IHCDA > Foreclosure Prevention Foreclosure Prevention

Apply for Hardest Hit Funds

Through the Indiana Foreclosure Prevention Network (“IFPN”), Indiana homeowners may access the Hardest Hit Fund. It is estimated that the program will help as many as 10,000 families who are struggling to make their mortgage payments due to an involuntary financial hardship.   

If you are an Indiana homeowner who is having difficulty making mortgage payments due to an involuntary financial hardship, call 877-GET-HOPE (877-438-4673) or click Here to begin the online application.  You will then be connected with an IFPN housing counseling agency that will contact you within a few business days about your next steps.

Homeowners who are not eligible for the Hardest Hit Fund my still receive free foreclosure prevention assistance from an IFPN housing counseling agency by applying online.

Hardest Hit Fund- Blight Elimination Program

 

On Monday, February 3, 2014, Lt. Governor Ellspermann was joined by Senators Merritt & Rogers, Representatives Moed and Morrison, and IHCDA staff to announce Treasury's approval of Indiana's Blight Elimination Program.

Background:

Blighted, vacant and abandoned homes are a serious issue for Indiana homeowners, neighborhoods and communities. Sadly, the State of Indiana has the dubious distinction of having the highest percentage of abandoned foreclosed homes in the country.  RealtyTrac and 24/7 Wall Street are reporting that roughly 30% of Indiana’s foreclosed homes are abandoned. This means that due to foreclosure alone, 5,000 blighted and abandoned homes are negatively impacting Indiana homeowners and neighborhoods by reducing property values. Blighted properties also serve as a drain on municipal resources. Many Indiana communities lack the resources necessary to address this growing issue alone.

The U.S. Department of the Treasury established the Housing Finance Agency Innovation Fund for the Hardest-Hit Markets (Hardest Hit Fund) to provide financial assistance to families in the states most impacted by the downturn of the housing market. The U.S. Department of the Treasury designed the overall program to give each participating state the flexibility to tailor its program to the unique factors contributing to its state’s foreclosure problems. The Hardest Hit Fund is a national program available in 18 states and the District of Columbia.

Indiana was awarded more than $221 million under the Hardest Hit Fund and is targeting low- to moderate-income homeowners whose primary residence is in any county in Indiana.  The State of Indiana, through IHCDA, is exploring the use of a portion of the Hardest Hit Funds to demolish blighted and abandoned homes that are beyond repair. The goal is not simply to demolish abandoned homes, but to stabilize property values in Indiana communities.  The proposed partnership between IHCDA and Indiana municipalities would allow communities to demolish blighted properties and offer a variety of end uses for the newly cleared properties including green space and redevelopment. IHCDA, Lt. Governor Sue Ellspermann, IHCDA’s Board Chair, Mayor Buttigieg and Senator Merritt believe that the demolition of abandoned and blighted homes would be a significant step toward rebuilding Hoosier communities. 

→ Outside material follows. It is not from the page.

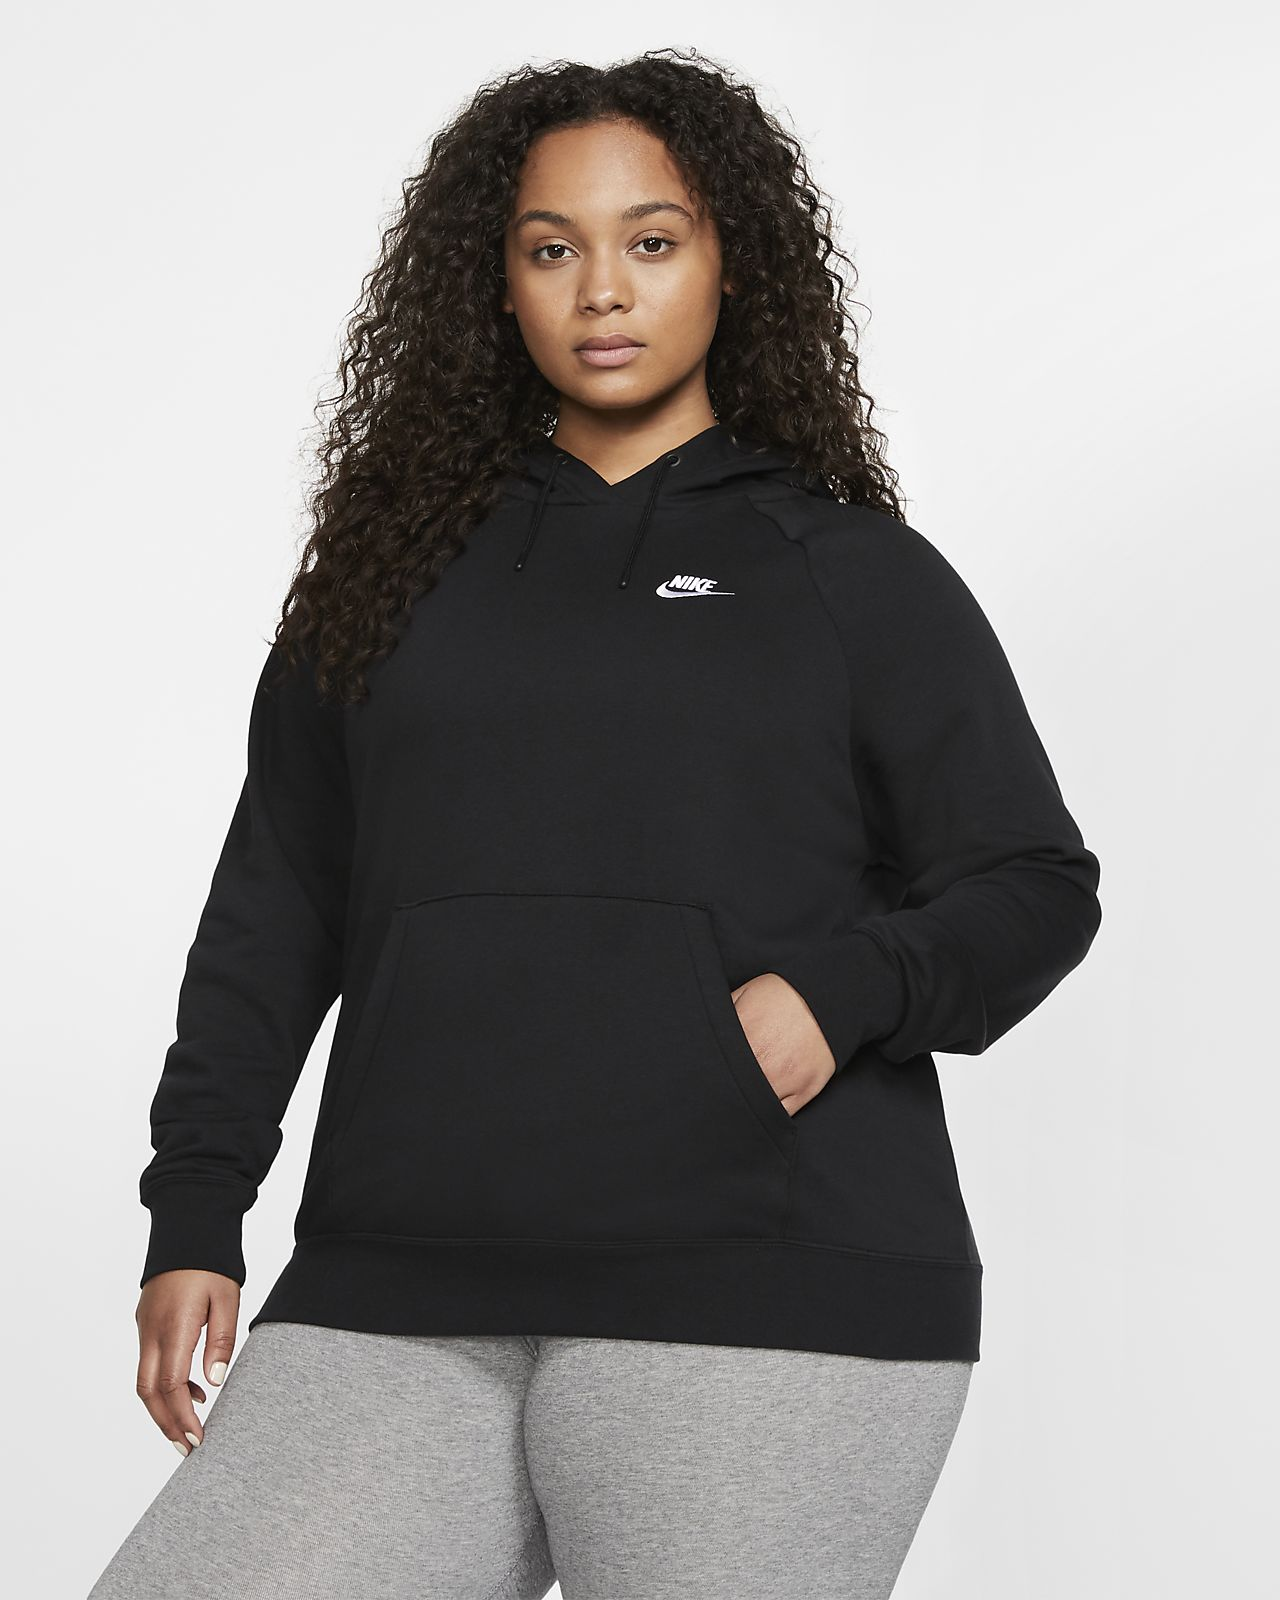 Nike Sportswear Essential Fleece Hoodie für Damen (große Größe)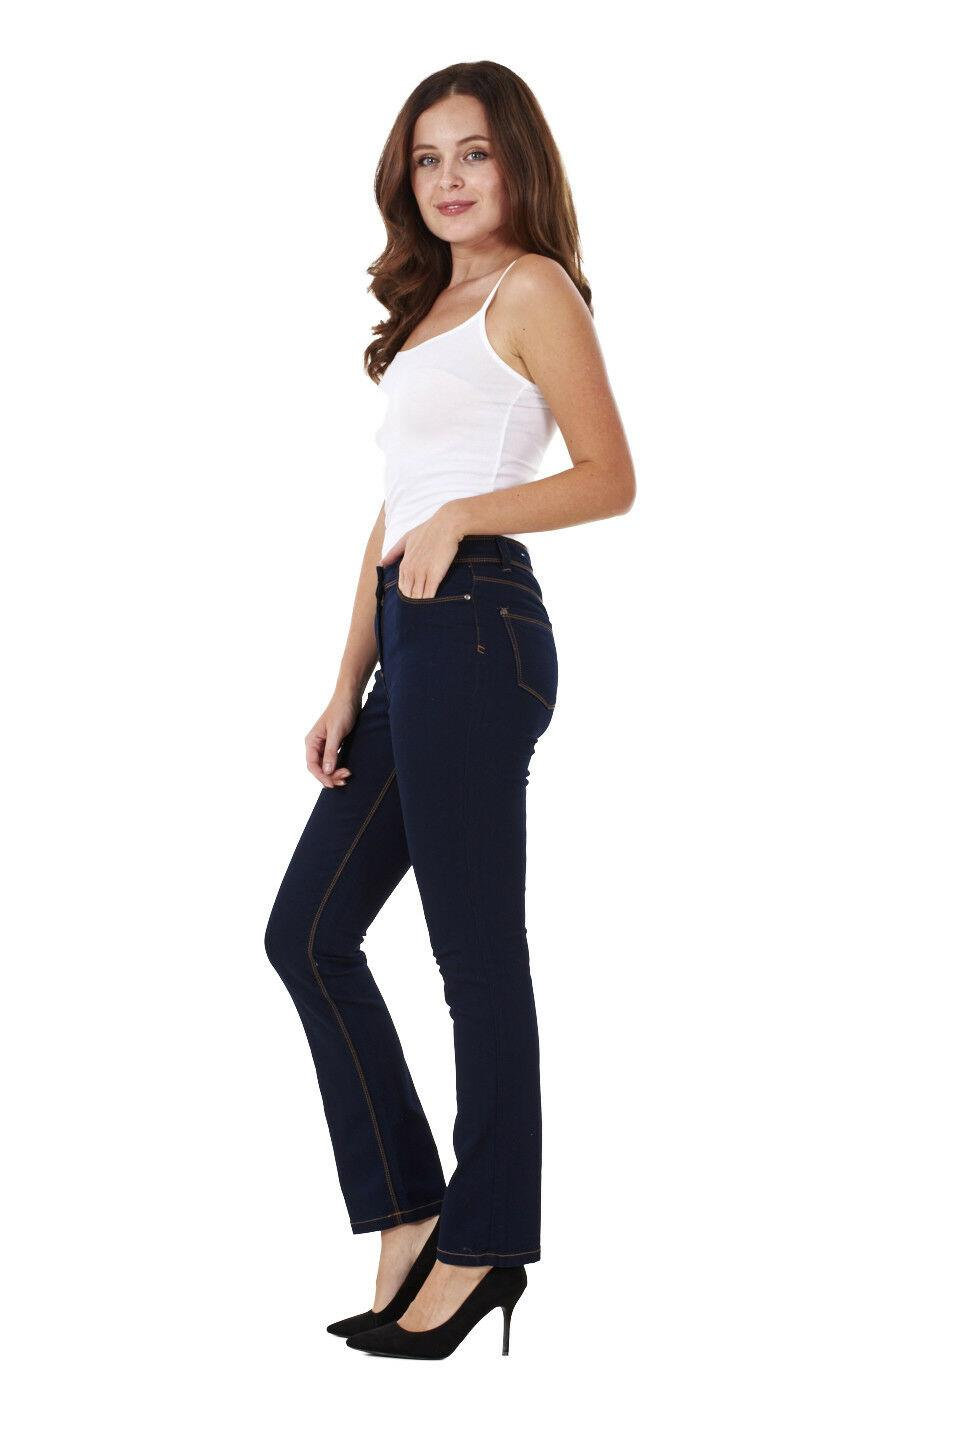 Ladies-Straight-Leg-Denim-Womens-Pants-Stretch-Regular-Fit-Jeans thumbnail 20

Since IHCDA’s announcement that it was exploring the use of Hardest Hit Funds to eliminate blighted and abandoned properties, many have expressed concern that doing so might detract from the mission of helping struggling homeowners avoid foreclosure.  IHCDA would like to reassure the public that it is committed to using the majority of Hardest Hit Funds to help individual homeowners in need.  As of September 30, 2014, more than 4000 homeowners have received over $50 million in Hardest Hit Fund mortgage payment assistance.

For More Blight Elimination Program Information Visit: 877gethope.org/blight

 

THE IFPN NETWORK AGENCY APPLICATION PERIOD IS CLOSED

The Indiana Housing and Community Development Authority is no longer accepting applications from organizations interested in becoming a Network Agency of the Indiana Foreclosure Prevention Network ("IFPN") for the 2014-15 fiscal year.  Please check this site in the Spring of 2015 to see whether applications are being accepted for the 2015-16 fiscal year.  

Foreclosure Pre-Suit Notice

On March 17, 2010, Governor Daniels signed into law House Enrolled Act No. 1122. Section 3 of HEA 1122 requires that IHCDA revise the Pre-Suit Notice required under IC §32-30-10.5-8. Under IC §32-30-10.5-8, a lender must send a homeowner a Pre-Suit Notice on a form prescribed by IHCDA at least thirty (30) days prior to filing a foreclosure action against the homeowner.

To provide ample lead time to lenders to adopt the revised Pre-Suit Notice, IHCDA now posts a FINAL version of the Pre-Suit Notice, as revised to comply with the terms of HEA 1122, at http://www.877gethope.org/ . Under Indiana law, lenders must adopt this Notice no later than January 1, 2011.

Instructions
Please see below for instructions for the Pre-Suit Notice. Although IHCDA has provided instructions for completing and sending the Notices, these are not to be construed as legal advice and do not replace or supersede the provisions of IC 32-30-10.5-8 or other applicable law.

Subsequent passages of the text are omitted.